With another emphatic win, we may have seen the last of Caster Semenya as we’ve known her. But Semenya plans to keep racing through a rule change that’s expected to end her 800m dominance.
The double Olympic champion was reportedly asked, after cruising to a 30th straight win in the two-lap race on Friday night in Doha, if she would take medication to adhere to an imminent IAAF rule capping testosterone for women’s events between the 400m and mile.
“Hell no,” the South African said, according to media on site.
Semenya also said she will keep competing but would not race the 5000m, the shortest flat event on the Olympic program that she could move up to without a testosterone cap, according to those same reports. She could also move down to the 200m, though that would be a surprise.
Which creates a standstill.
Semenya could appeal Wednesday’s Court of Arbitration for Sport ruling, but for now the cap goes into effect next week. Athletes in said events currently above that limit must get under it and stay under it for the next four months and beyond, while sitting out competition, to return for worlds in Doha in late September.
“I keep training. I keep running,” said Semenya, who raised a single fist in the air upon introduction and then won by a hefty 2.77 seconds in 1:54.98, her fourth-fastest time ever. “Doesn’t matter if something comes in front of me, like I said. I always find a way.”
Full Doha results are here. The Diamond League hits Shanghai next on May 18.
In earlier events Friday, U.S. Olympic champion Dalilah Muhammad ran the world’s fastest 400m hurdles since last August, clocking 53.61. The race lacked 19-year-old Sydney McLaughlin, who had the world’s best time of 2018, a 52.75.
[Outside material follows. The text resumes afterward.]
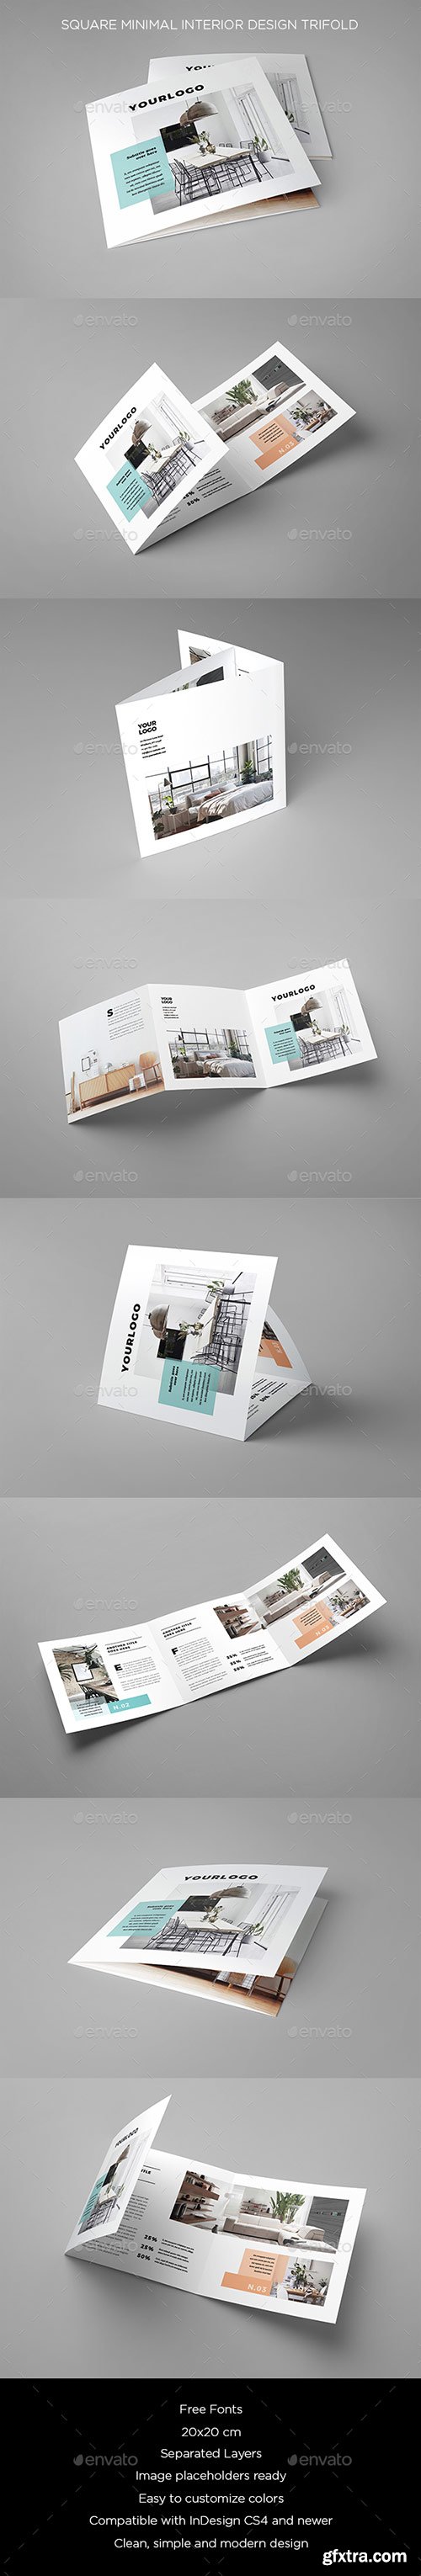 Graphicriver - Square Minimal Interior Design Trifold 20439624

Rio gold medalist Brianna McNeal was shockingly seventh in the 100m hurdles, clipping barriers in 12.94 seconds. Jamaican Danielle Williams, the 2015 World champ, crossed first in 12.66, well off absent American Kendra Harrison‘s world-leading 2018 time of 12.36.
World champion Sam Kendricks outdueled Olympic champ Thiago Braz in the pole vault, clearing 5.8 meters for the victory. The competition lacked the top vaulter in the world this year, Swedish 19-year-old Mondo Duplantis.
Botswana’s Nijel Amos upset Kenyan Emmanuel Korir in the men’s 800m, prevailing by .21 in 1:44.29. American indoor record holder Donavan Brazier took third. Korir lost for just the third time since the start of 2017. Two-time Olympic champion and world-record holder David Rudisha, also Kenyan, has been out injured for nearly two years.